Chanel was pretty, but she didn't have the funds, or figure, for the Belle Epoque's heavily-corseted fashions. Menswear was a revelation, and may well have been the key that unlocked her innovative talent. To paraphrase an old peasant expression (often attributed to Picasso), Beggars borrow, but geniuses steal--and Chanel stole like a magpie from the wardrobes of successive boyfriends. First out of the gate was the horse-mad Étienne Balsan, who introduced her to the beau monde and indulged her taste for hacking jackets and jodhpurs. The polo player Arthur "Boy" Capel loaned Chanel money to start an atelier and open her first stores, in Paris and Deauville; he introduced her to bespoke tailoring; and his closet provided jersey sweaters, which she scissored from neck to hem, finished with ribbon and wore with such aplomb she sold dozens. Chanel had a "Russian period," including affairs with Igor Stravinsky and Grand Duke Dimitri Pavlovich (who lavished her with sable coats and heavy gold chains) followed by an "English period" spent with the dashing, sports-loving Duke of Westminster. Massively rich, he enfolded Chanel in a heady lifestyle combining British practicality and worldly luxury. By the mid-twenties, she was already a celebrated couture designer with a well-honed eye, always seeking inspiration: she copied the navy blazers, brass buttons and striped tops of Westminster's yachting crew; she lifted traditional argyle and fair isle patterns from his country wardrobe; and, from the man himself, she snagged things like his polo coat, which she belted around her small frame and wore to a chilly day at the racetrack. He, in turn, gave her extravagant presents, from ropes of pearls to her own textile factory, where she pushed the staff to create the same soft, pretty tweeds she's still known for to this day.

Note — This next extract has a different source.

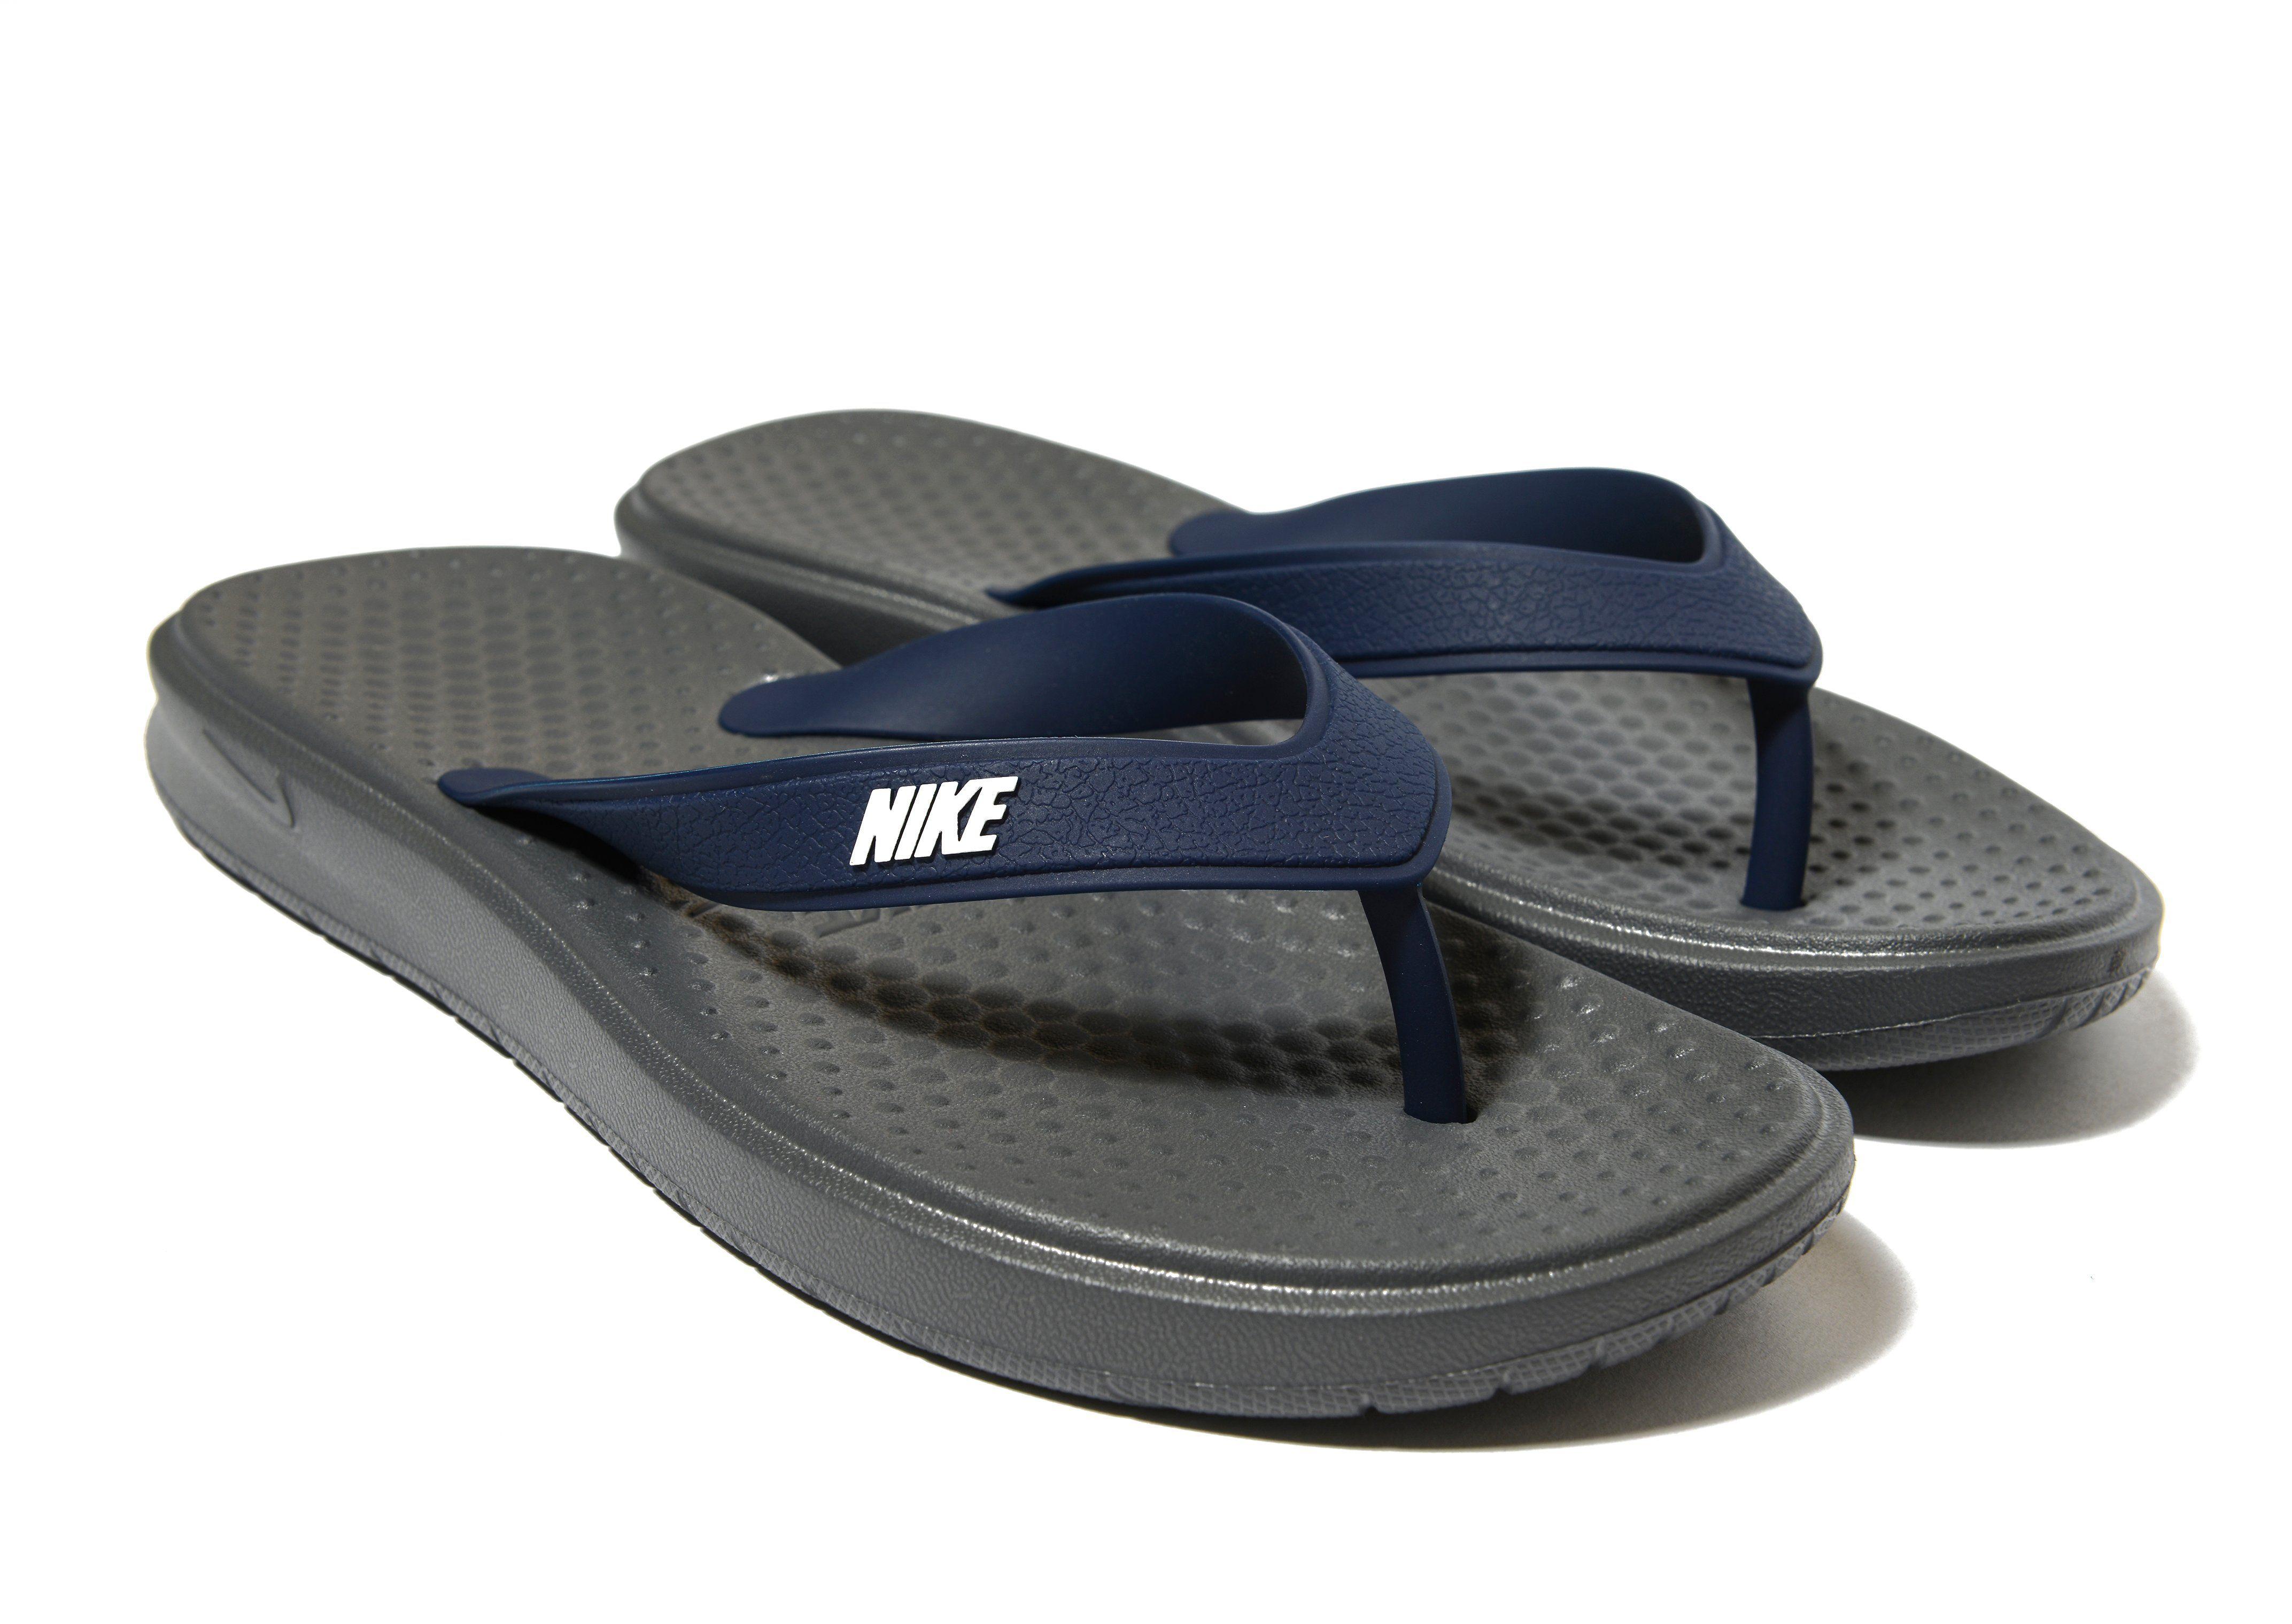 Nike Solay Flip Flops Jd Sports

Chanel loved men and their clothes, but she also had a distinctly feminine side. As a milliner, she'd liked ribbons and bows; she loved flowers, too, especially roses and gardenias. In 1920, she asked chemist Ernest
Beaux to partner with her in a new business venture. He produced a heady, synthetic-laced floral fragrance packing the wallop of an iron fist inside a velvet glove; she packaged it in a stark, glass flacon inspired by bottles she'd seen in men's toiletry kits; and the result, No. 5, still needs no introduction some 89 years later. Perhaps Chanel could divine which symbols had the most potency: she added camellias to her repertoire after Garbo's 1936 film, Camille, helped repopularize these 19th-century favorites, and they soon outstripped roses and gardenias to become the flower most associated with her designs. Perhaps she was just true to her own tastes, and women responded. In any case, as the '30s progressed, her collections became more romantic. Evening clothes were especially pretty: there were lace dresses and boleros, clouds of tulle, and charming touches like pailletted veils and jaunty little hats. One of her last pre-war collections, shown just before France entered the fray, was inspired by Watteau's paintings and featured fitted suits with touches of lacy white froth at the neck and sleeves. Karl Lagerfeld may well have revisited this part of the archives while designing Fall 2009's ready-to-wear collection. He also dipped into those eternal tweeds, repackaged the classic shoulder bag inside a plexiglass carry-all and sent it all down the runway with nods to the past, the present and the future. The basic vocabulary, however, still belongs to that formidable woman who saw options where other people saw only clothes: Gabrielle "Coco" Chanel.